:: Provided material ::
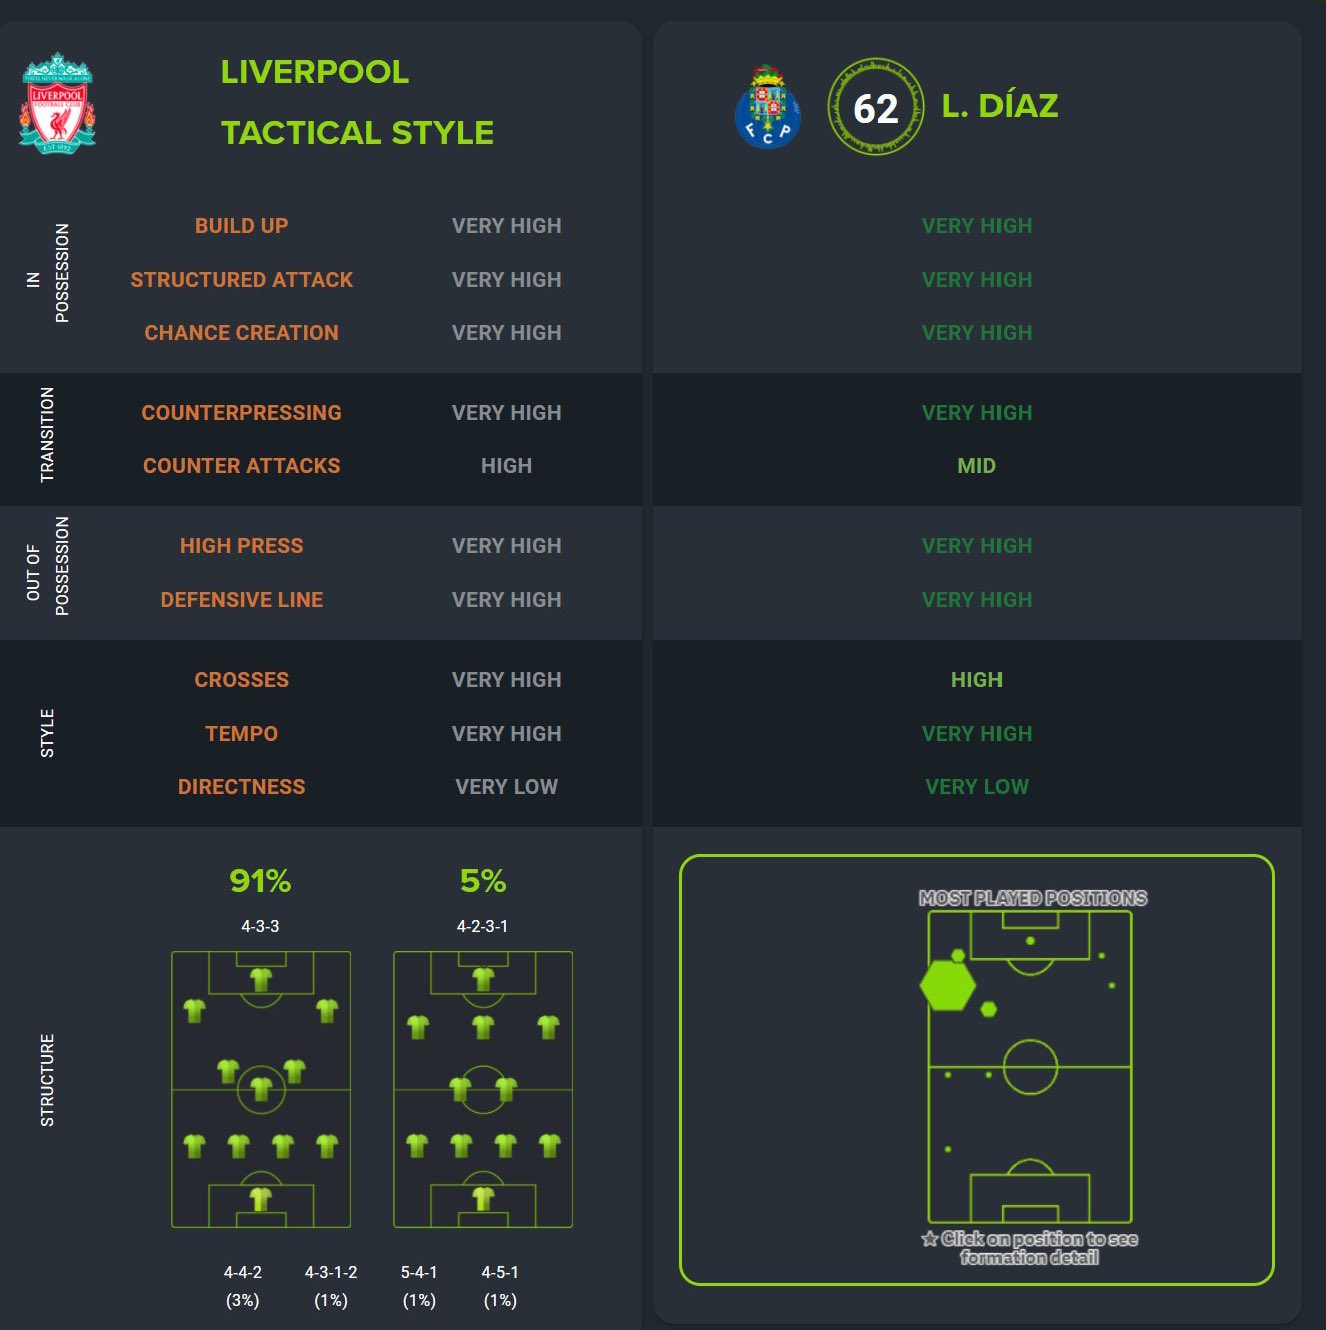 Jurgen Klopp'a özel röportaj: Luis Diaz'ın Liverpool'daki etkisi açıklandı | Futbol Haberleri
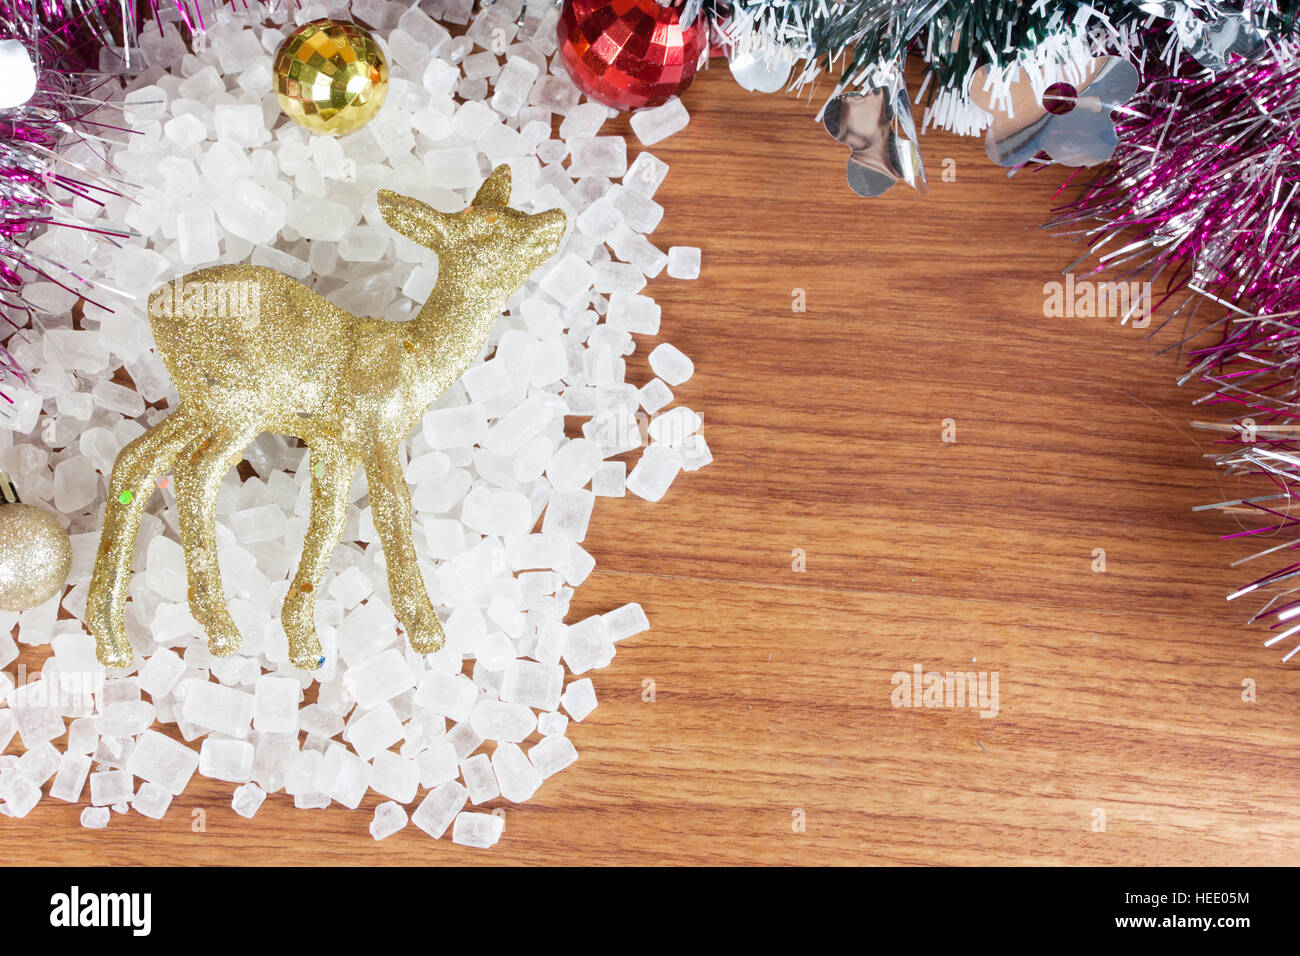 Deer couleur or sur une pile d'un cristal blanc. Boules de Noël rouge et jaune des ornements sur bois, Banque D'Images
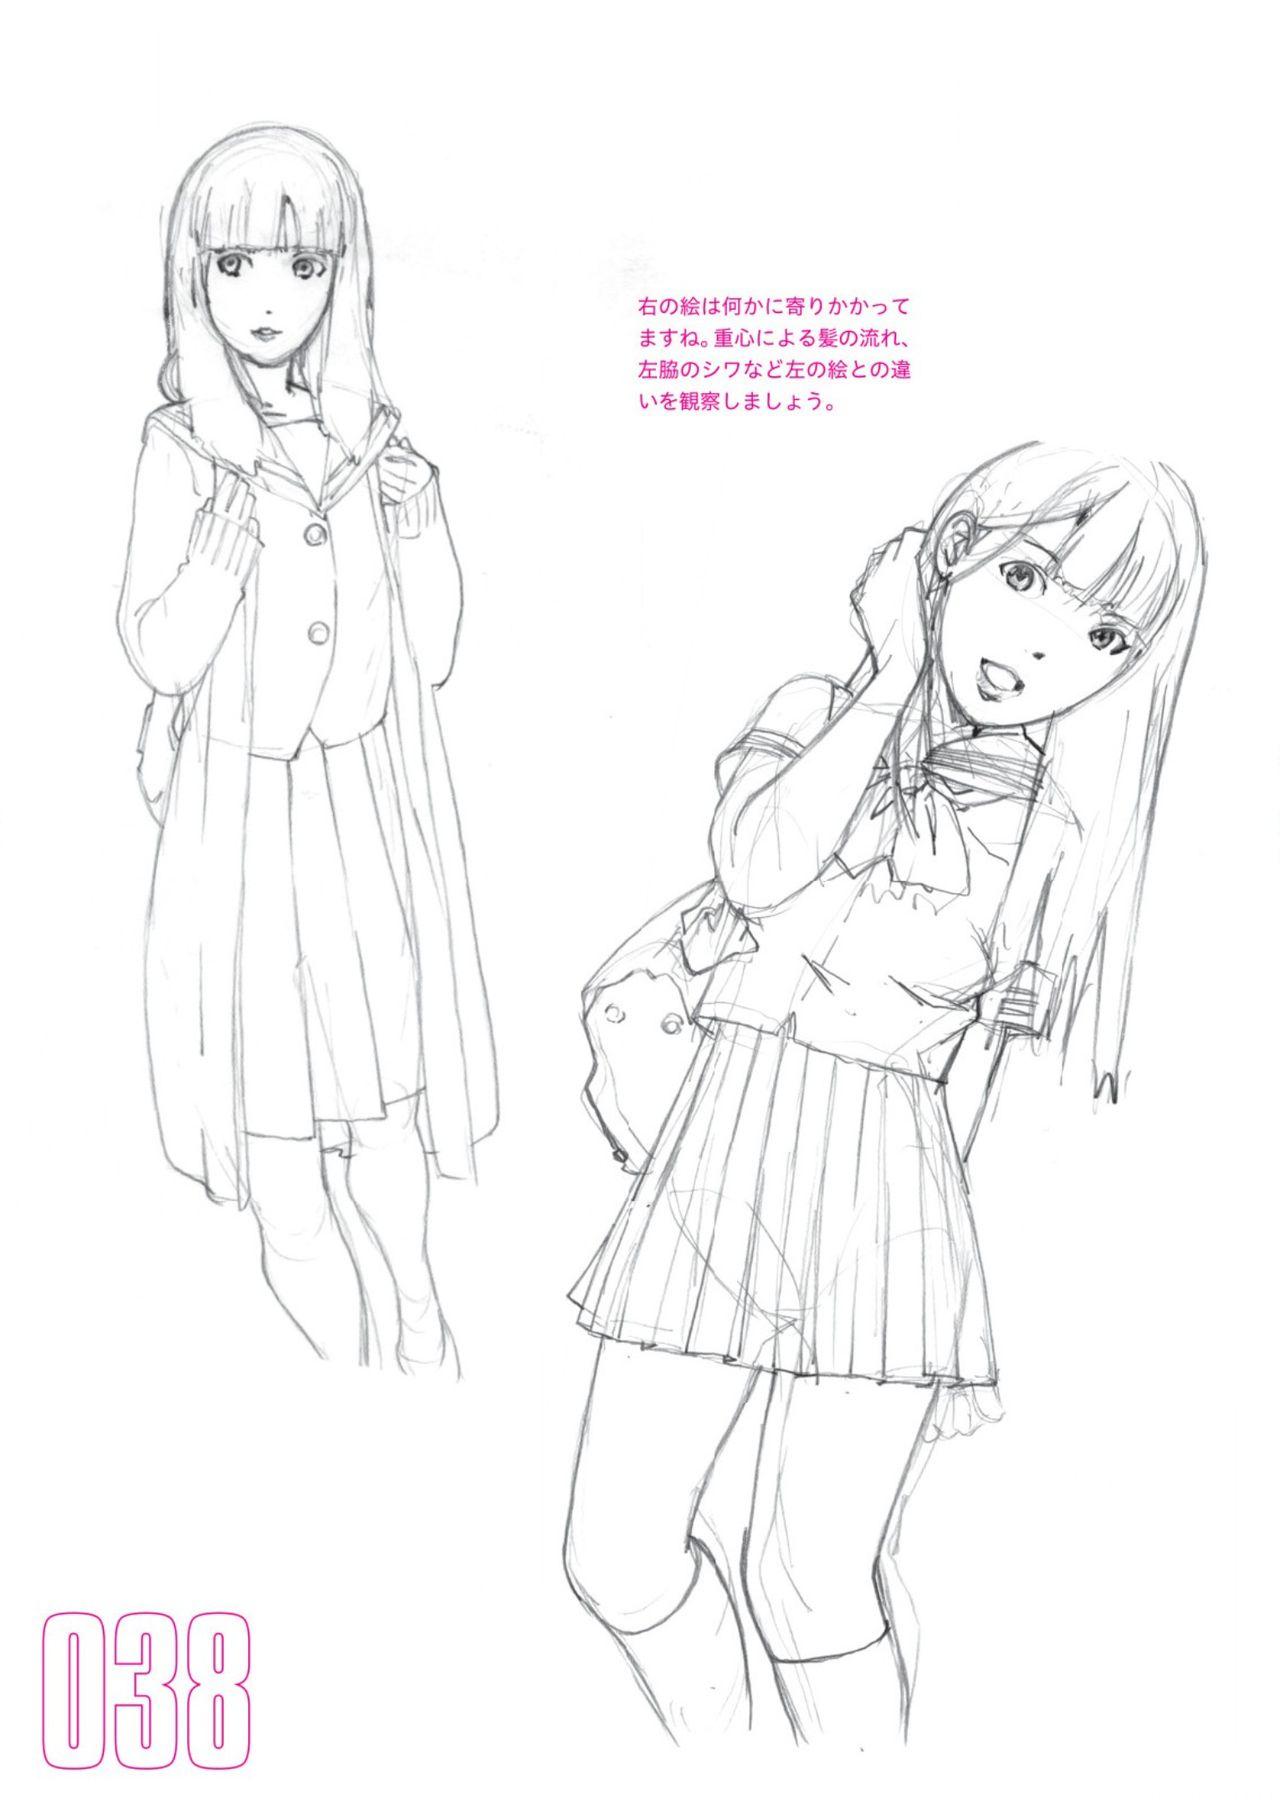 Toru Yoshida Tips for drawing women in 10 minutes 270 Uniforms 39

:: Task goal ::
From the material above, write out exactly the lines from the line with "Deer couleur or" through the closing line, inclusive, and no pictures.

:: Answer to this task ::
 Deer couleur or sur une pile d'un cristal blanc. Boules de Noël rouge et jaune des ornements sur bois, Banque D'Images
 Toru Yoshida Tips for drawing women in 10 minutes 270 Uniforms 39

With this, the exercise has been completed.